According to Unnikrishnan, the funding patterns worsen the problem. "Companies extract much more time and energy talking about the 10 per cent, that they do not focus on the adoption. This becomes the fundamental disconnect between things looking good on paper and then never getting implemented and adopted at scale," she said.
Unnikrishnan stressed two priorities for governments. One, supporting the governments to articulate their own vision, versus it being a vision handed to them. Second, understanding that AI needs time and investment to go forward.
Institutional capacity lagging behind ambition
Robert Opp, chief digital officer at the United Nations Development Programme (UNDP), said countries are eager to use AI but struggle to scale.
"Every country is interested in how to embrace AI for national development. AI represents one of the most powerful potential accelerators for achieving goals," Opp said.
"But the challenge there is that the ambition outstrips the capacity of institutions, and the overall setup that would be required to actually implement these things at scale," he added.
Opp emphasised the need to invest in foundational systems. "Investing in the shared building blocks, digital public infrastructure that will allow AI to scale at a population level is important.
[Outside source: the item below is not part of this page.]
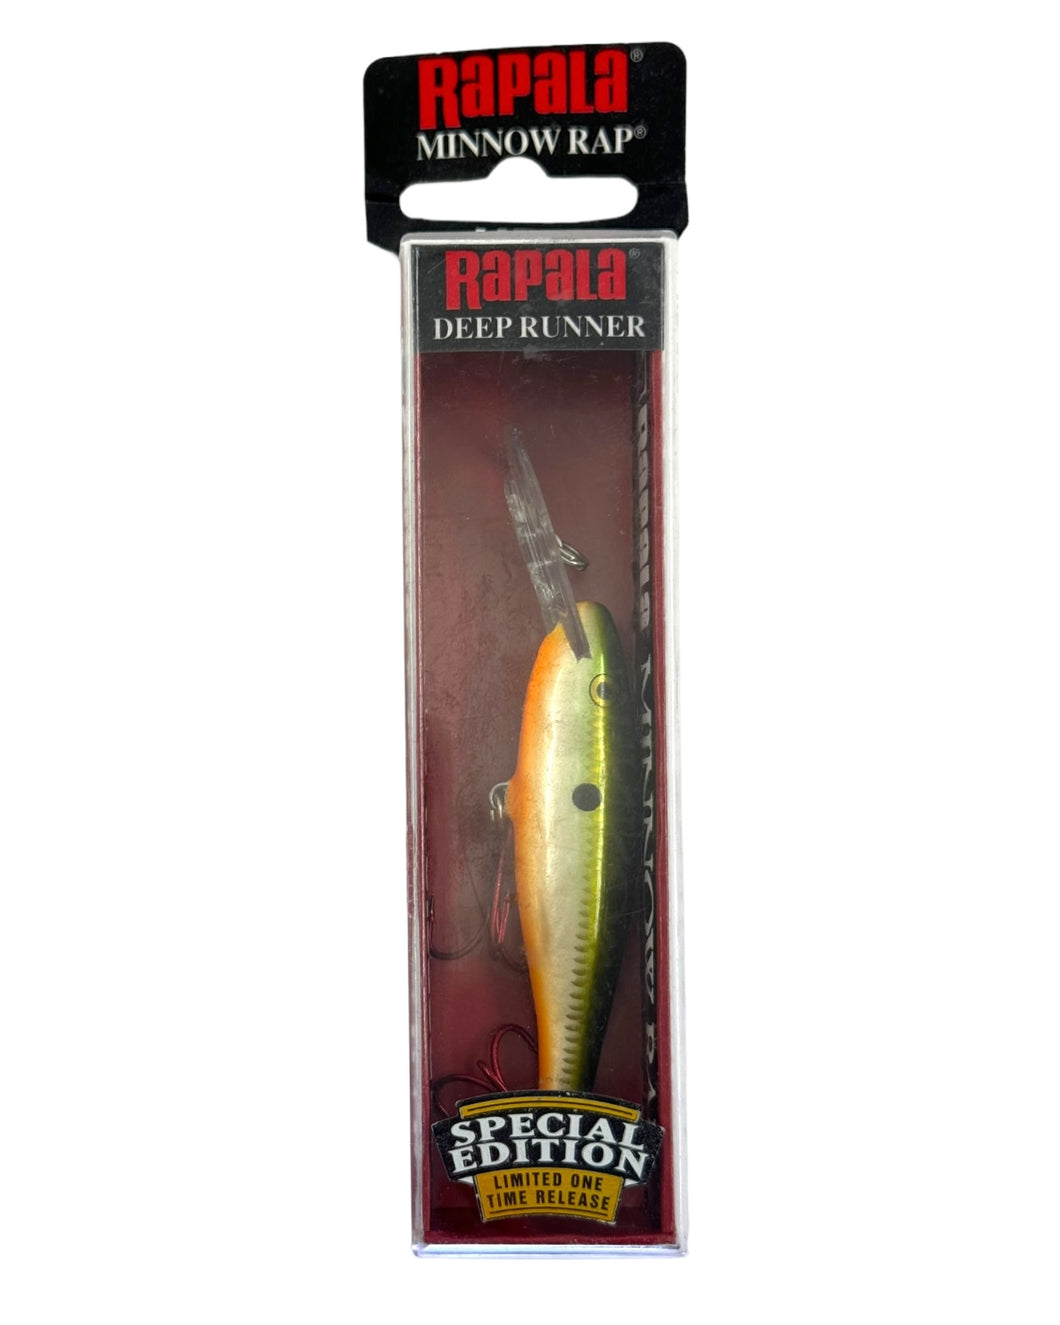 RAPALA LURES SPECIAL EDITION MINNOW RAP 7 Fishing Lure in TENNESSEE SHAD

Getting data sources, data sets and data governance is important and has high leverage," he said.
Pilot projects often fail to scale
Johan Harvard, global AI advisory lead at the Tony Blair Institute, said governments frequently underestimate deployment challenges. He said that resources should focus only on scalable projects.
"We need to help governments, and we need to work with donors to make sure to focus on resources that help in scaling," Harvard said.